At-Risk Youth Projects

Neighborhood beautification responses to gang and graffiti problems

Numerous studies have shown that the arts provide a uniquely effective vehicle for social mediation and remediation. This is nowhere more evident than in work among at-risk youth. In Latin America as well as elsewhere around the world, at-risk youth tend to gravitate into neighborhood gangs that develop highly territorial habits, expressed most visibly in works of graffiti. A wealthy community might have the resources to suppress this kind of activity and to paint over existing graffiti, but a poor community has to work more creatively to redirect the energies of these youth. When at-risk youth are involved in designing and creating their own murals and wall decorations, they become protective of their achievements and increase their personal stake in the appearance of their neighborhood. They learn lessons in positive teamwork and improve their relations with local property owners. These lessons hold as true in urban shantytowns as in rural cacer’as, but are especially important in settings that are suffering the almost overwhelming consequences of urban migration. These urban problems are far beyond the reach of governmental and aid agencies and depend on community-based solutions, inadequate as they may seem.

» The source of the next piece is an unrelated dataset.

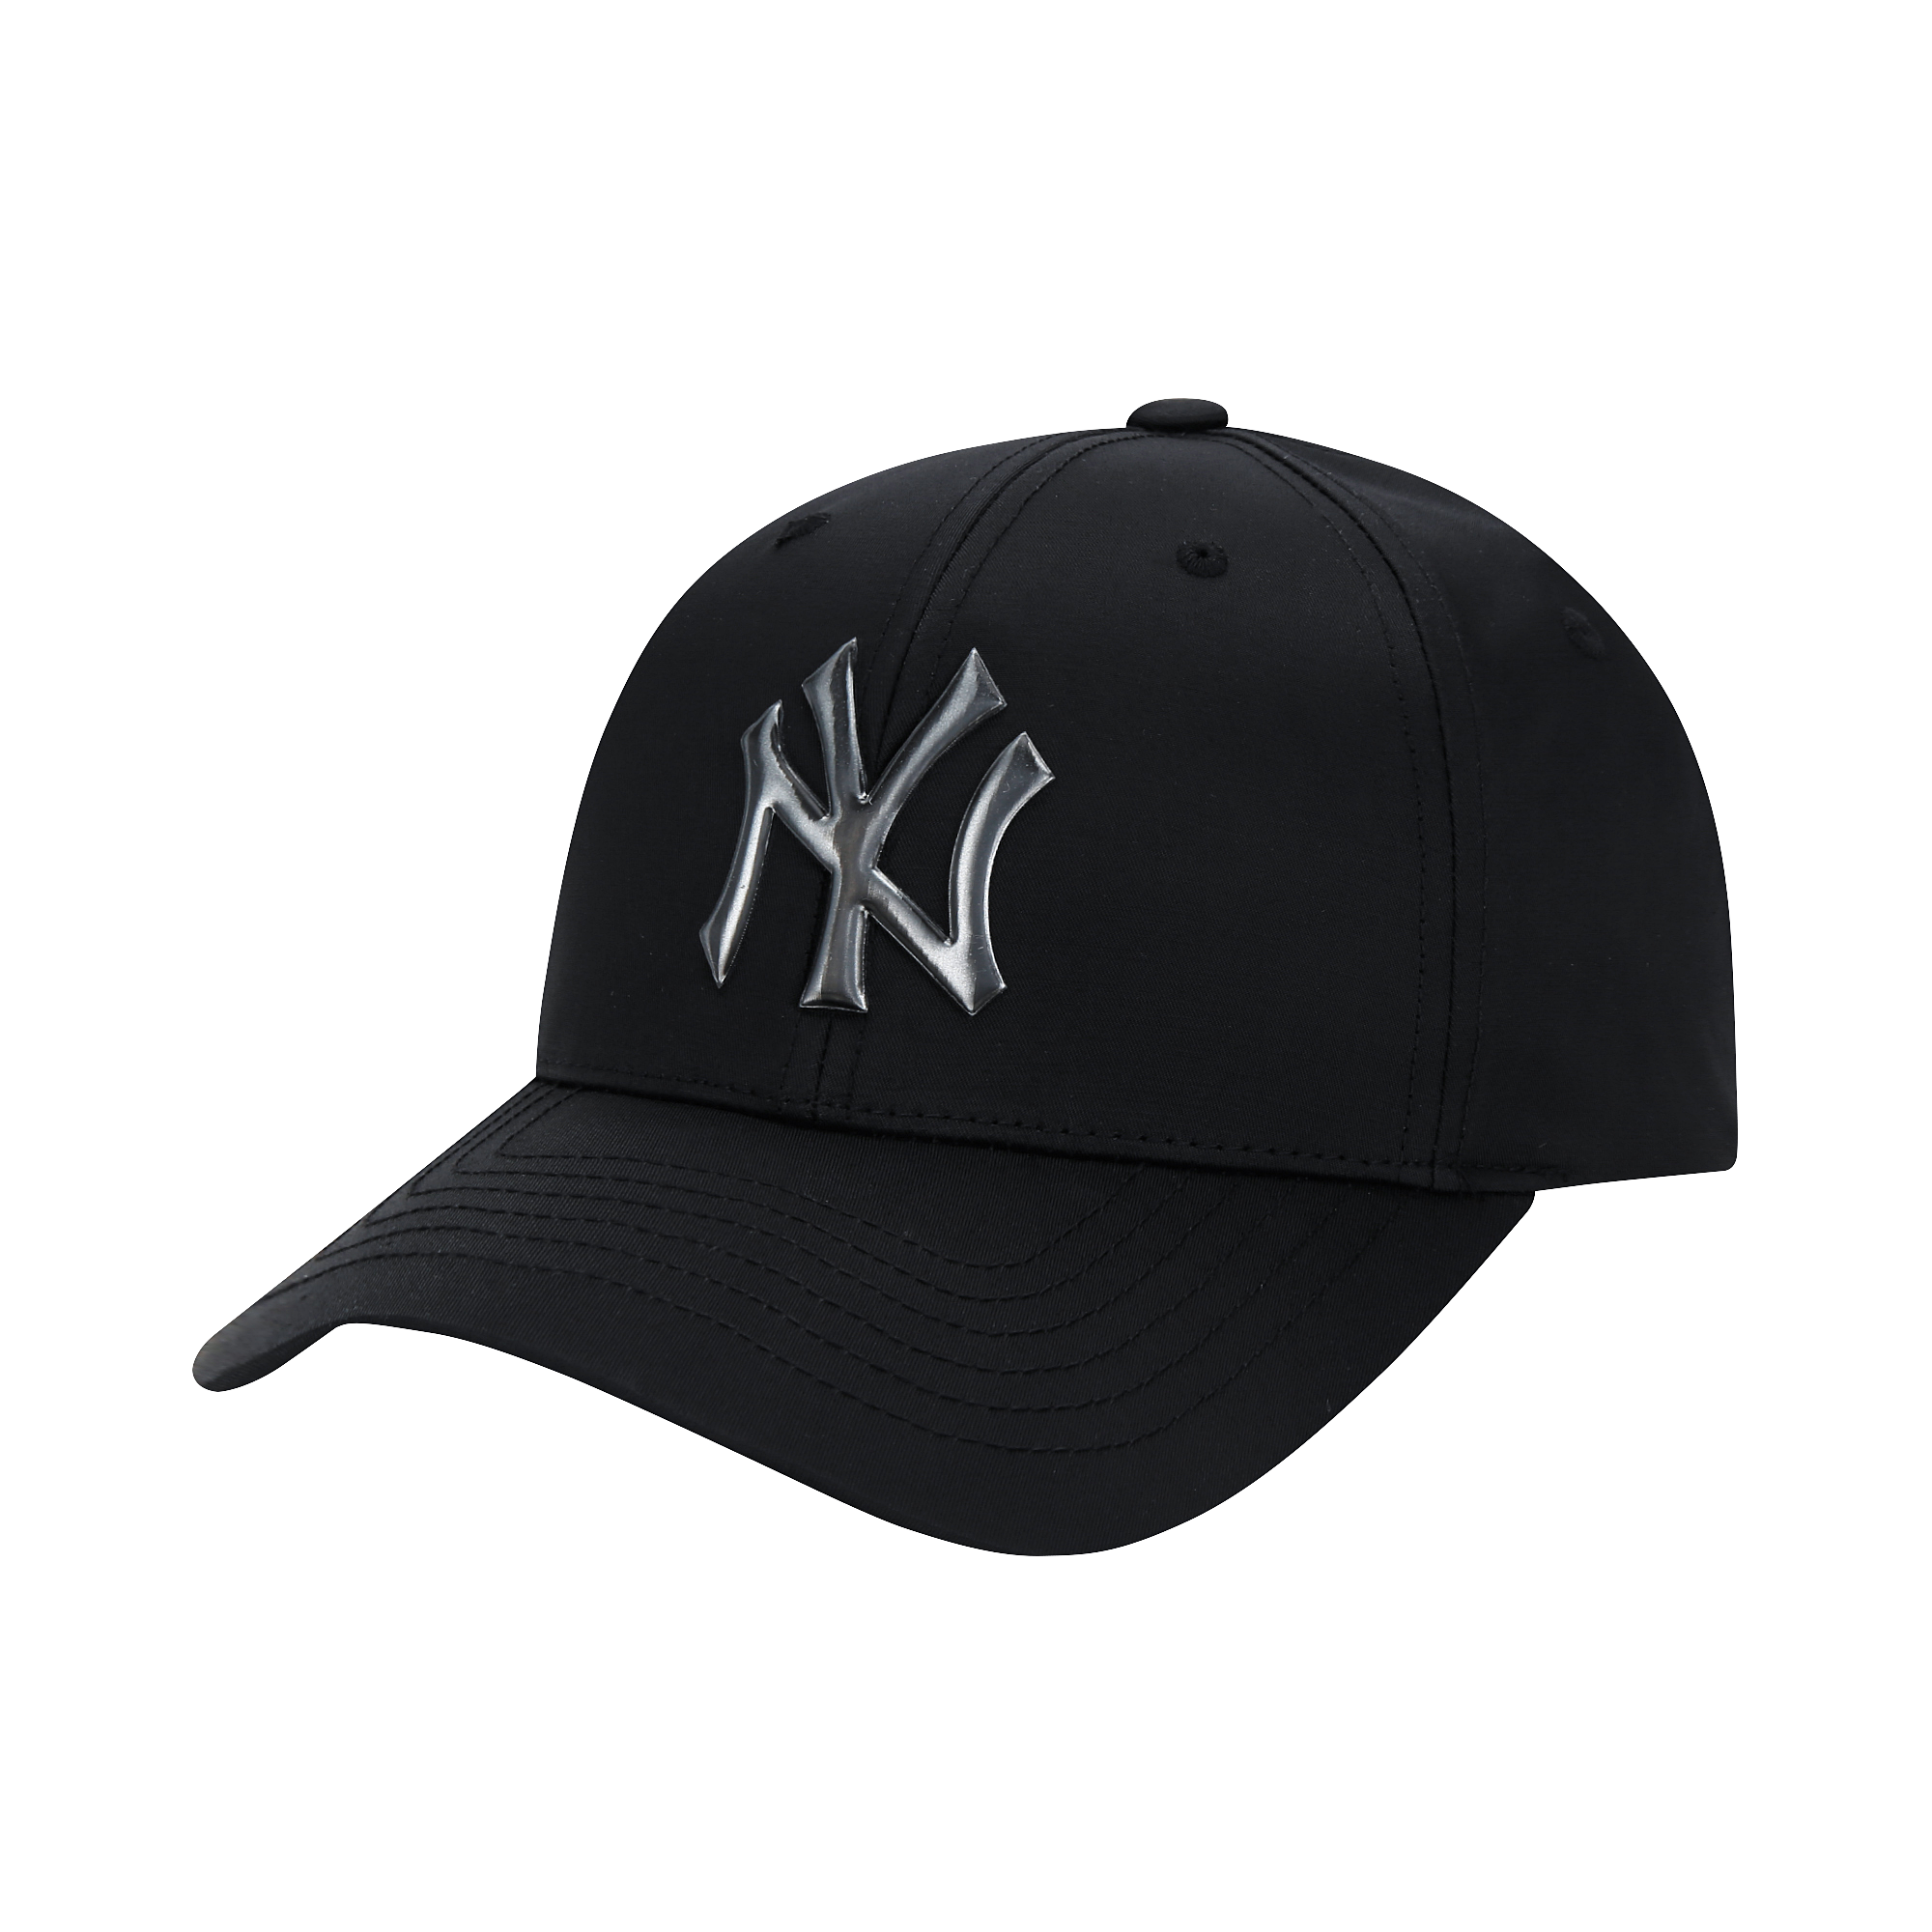 Official New York Yankees Homeware, Office Supplies.
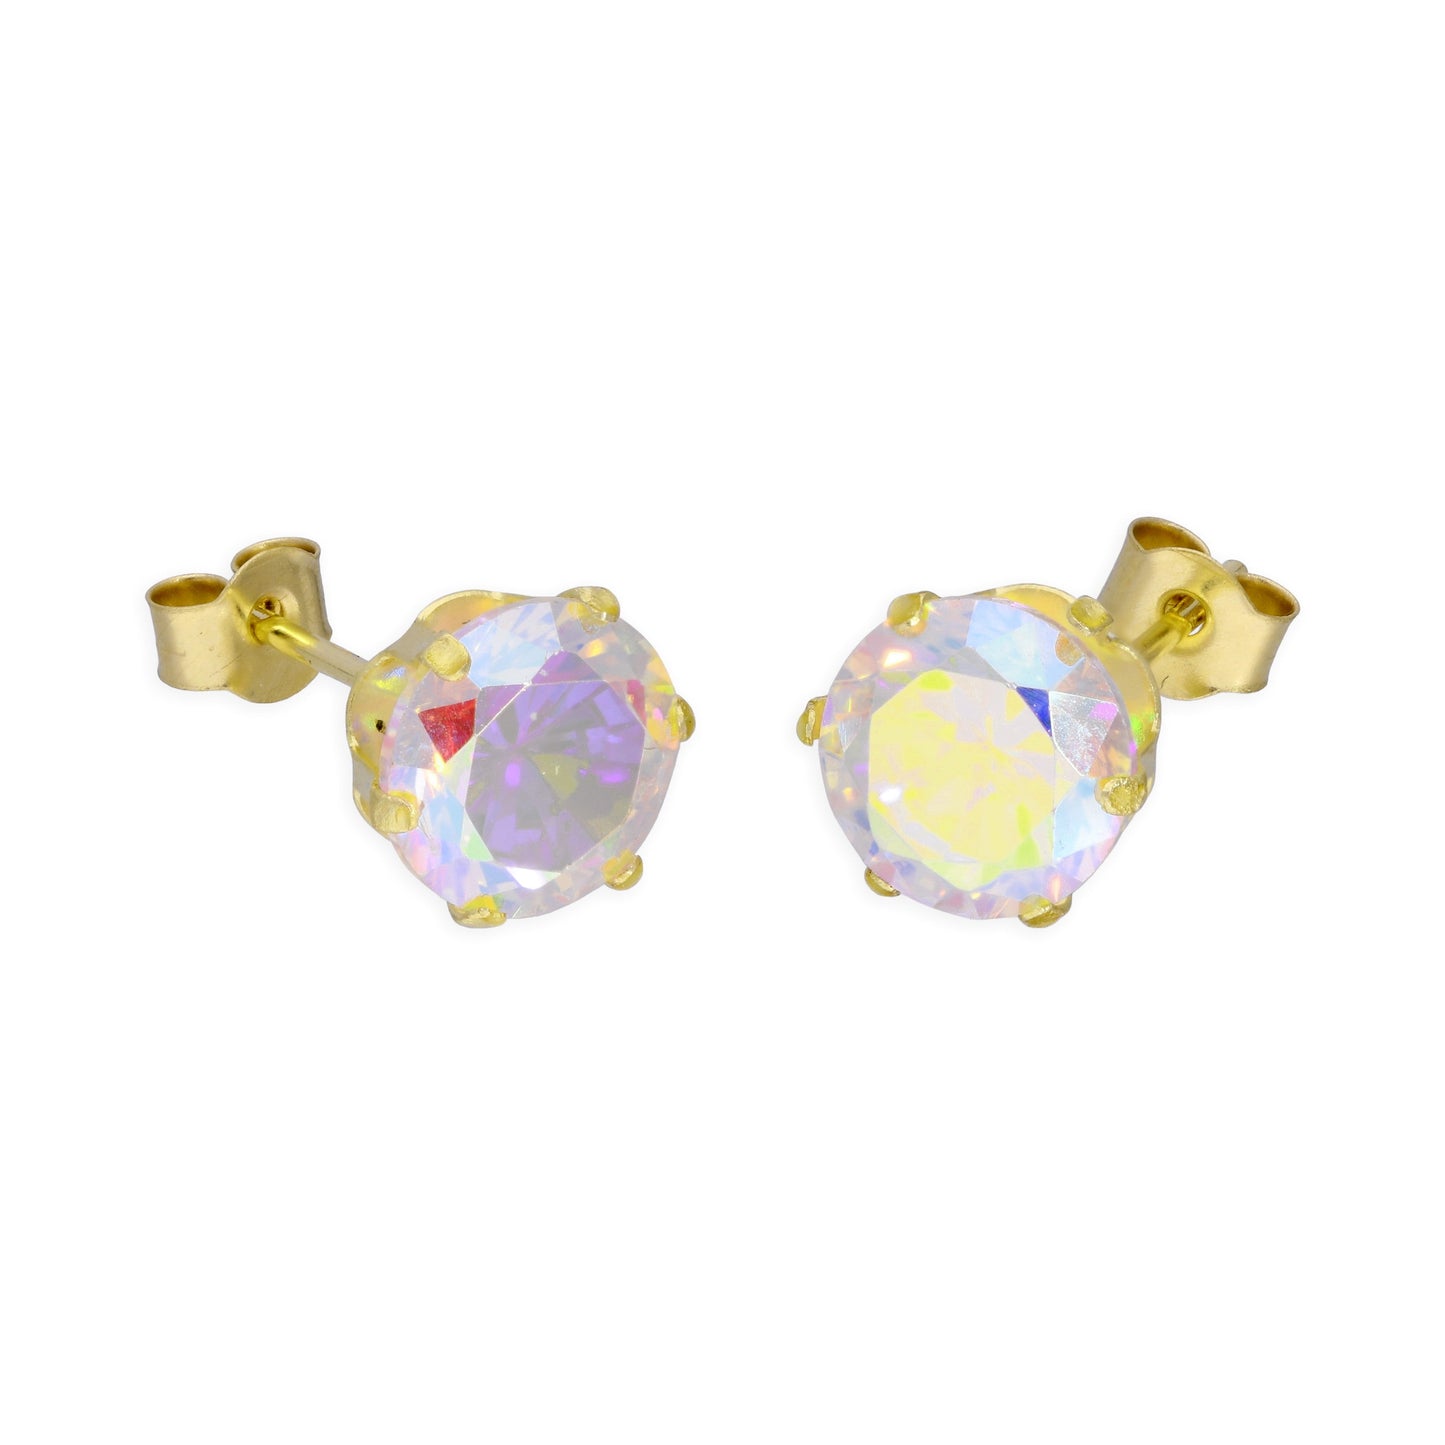 9ct Yellow Gold & Aurora Borealis CZ Crystal Stud Earrings 4mm - 6mm

The best way to intervene with at-risk sectors is as early as possible, as young as possible. To cite again the work of the Latin American Art Resource Project, liaisons were set up with numerous agencies that work with children, and a city-wide project was developed in Tegucigalpa in coordination with a national UNICEF campaign against familial abuse of children. Designs were developed by children throughout the country and then, with the help of LAARP staff and volunteers, adapted into mural projects by children in seven target communities. Some examples of these designs and murals are shown at the end of this section. Care was taken to separate these projects from the school-based mural projects mentioned in the previous section, in order not to disrupt the school groups. However, the at-risk project did employ teachers and artist assistants who were trained in the course of the school-based projects. Many of these trainees have subsequently gone on to undertake socially-oriented public art resource projects of their own initiative, demonstrating the principle that the art resource modus operandi need not depend on the expertise of one particular program. This is to say, the basic art resource approach is sufficiently close to the ambitions of the people involved and their cultural traditions, it tends to propagate naturally once its value and effectiveness is recognized.